CHICAGO. — Chicago -- Slip dresses. The Madonna look of lingerie as clothes. Construction worker undershirts worn with bouffant tulle skirts. Crinolines pouffing out ruffles on short-short skirts. Skirts slit open front, back and side to show teddies. Sarong skirts cut thigh-high and worn with suit jackets.
It would be easy to laugh off the parades of bizarre spring and summer clothes that have filled the Paris high-fashion runways in recent days as just silly eccentricities intended to catch the publicity camera.
But the ripple effect their designers have on the clothes the rest of us will be able to buy next year -- and indirectly on the recovery of slumping retail sales -- is a serious matter indeed.
The most recent fashion indicators continue to be depressing.
For years now, fashion designers have given women the choice between Barbie and dowdy. The fashion press -- which often seems to function as an unpaid claque for big-name in-groups in Paris and Milan -- applauds uncritically. And executives from American retail stores buy the hype with little thought about what their customers want or the shape they are in.
Few businesses are as out of touch with those who should be buying their wares as those who sell women's clothes.
In the words made famous in the fallout of the Clarence Thomas-Anita Hill hearings, they just don't get it.
Or, less likely, they are part of the reaction against women's progress lamented so vigorously by Susan Faludi in her new book, ''Backlash,'' and are trying to shove women out of egalitarian careers and back into second place. Witness the great effort to make women look like immature, sexy little girls.
Few American women lead lives for which they need what one Paris designer called his new ''strip-tease clothes,'' with skirts that can be whipped off to reveal ''sexy'' short-short shorts. Few lead lives that would make transparent pants appropriate. Or want a see-through blouse to go with a business suit. And any female construction worker who went to work wearing one of the new construction worker tops would get whistled off the job whatever the laws against sexual harassment.
Most women want their lingerie kept in its place, not substituting for a suit or dress, no matter what the look has done for Madonna. Most want their ruffles and crinolines in ''Scarlett,'' not accentuating their own hips. And most assume ''nudity'' is the look clothes are supposed to cover, not create.
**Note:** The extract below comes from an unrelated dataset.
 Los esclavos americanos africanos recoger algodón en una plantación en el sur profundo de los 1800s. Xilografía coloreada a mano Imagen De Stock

Psychologists who study body imaging report that 85 percent of women are unhappy with at least one aspect of their appearance; in particular, they are dissatisfied with the way their thighs, hips and abdomen look.
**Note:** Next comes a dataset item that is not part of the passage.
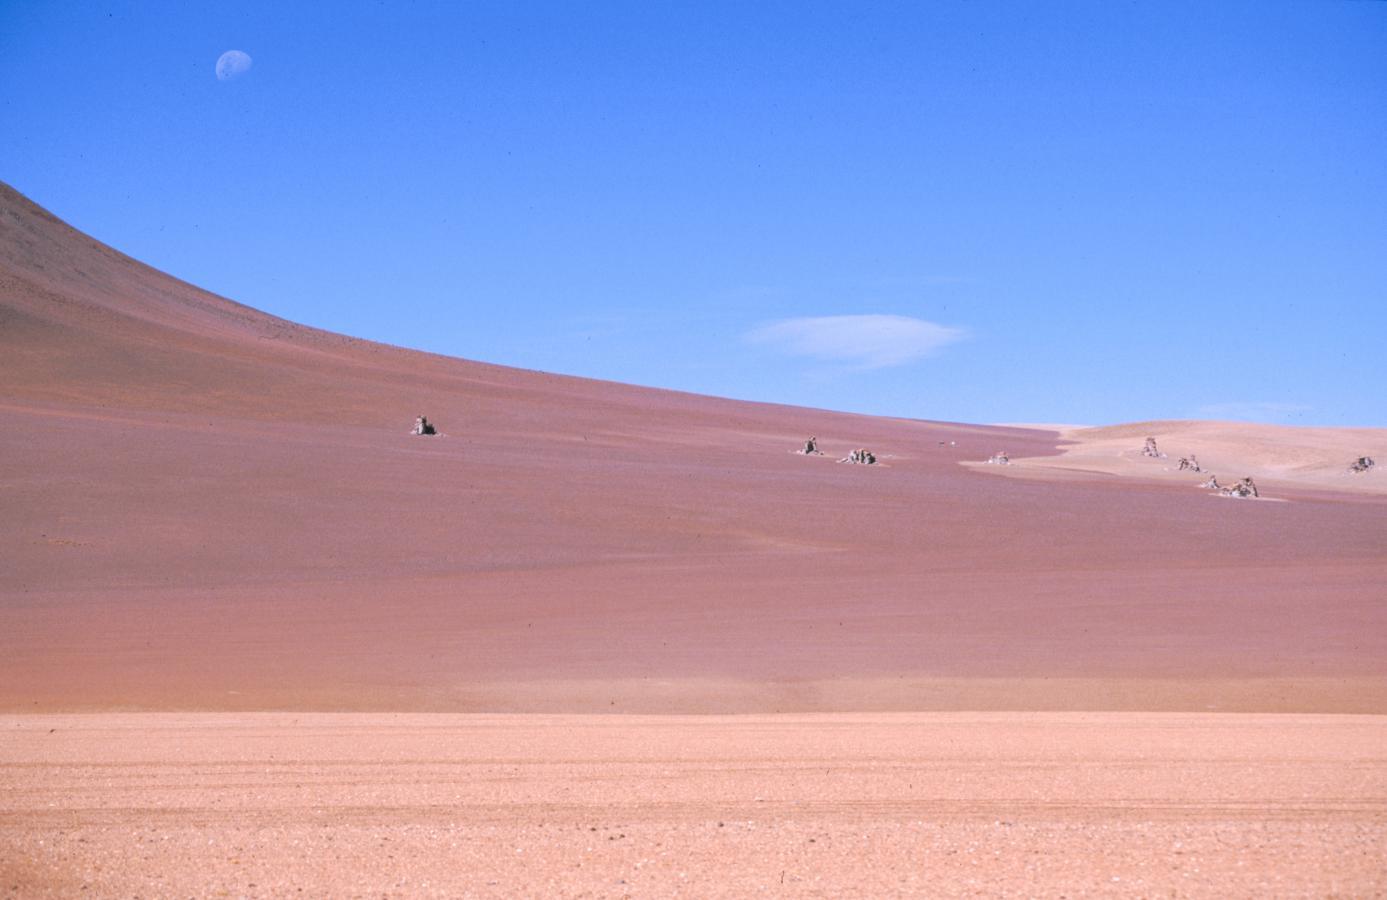 lama-glama-33-bolivia-2001

A research sampling of college women showed that even among them, 33 percent had strong negative feelings about their thighs, 22 percent about their hips, 18 percent about their buttocks and 13 percent about their legs.
So why is the fashion industry insisting women wear clothes that call attention to the physical features they dislike most and would prefer to camouflage if they could?
Current fashions have driven customers away from retail cash registers by the millions in recent years. For every slender young woman who looks perky and precious in a thigh-high skirt with black, 19th-century-orphan tights there are 10 who don't. The majority of women are older than 25, aren't built like Barbie, live in a cold climate, need to bend over occasionally, must often sit down in public or simply don't want their thighs to be the most obvious thing about them.
So millions of women who would like to feel fashionable and could afford to buy new clothes are wearing the leftovers in their closets. Or they are sewing for themselves if they can. Or they are shopping from the catalogs whose buyers remember what most women look like and the kind of lifestyles for which they need wearing apparel.
But retailers can no longer afford to write off so many customers with their wear-what-we-dictate attitudes. The retail industry is so seriously ailing that it is threatened with a major down-sizing, retail executives worried at a recent conference in Dallas.
There are many complicated reasons for the stores' financial ills, of course. But one way to start turning the situation around would be to stop pushing clothes just for Barbies and making other women feel like Raggedy Anns.
Actually, there were a few more longer skirts in the Paris and Milan showings this fall. But longer usually meant ankle or mid-calf length. And often the fabric was so transparent it was barely visible. Most of what American buyers reportedly ordered was still short and short-short.
''We've spent an awfully long time getting the consumer used to short skirts,'' the chairman of a major retail chain told Women's Wear Daily during the Paris showings. ''I hope it's going to continue that way.''
Commenting on the new couture fashions, designer Karl Lagerfeld is quoted by Women's Wear Daily as saying, ''They [the stores] have to make an effort to find the right people to sell it.''
How much easier it would be if some of that effort were spent finding the right clothes instead.
Joan Beck is a columnist for the Chicago Tribune.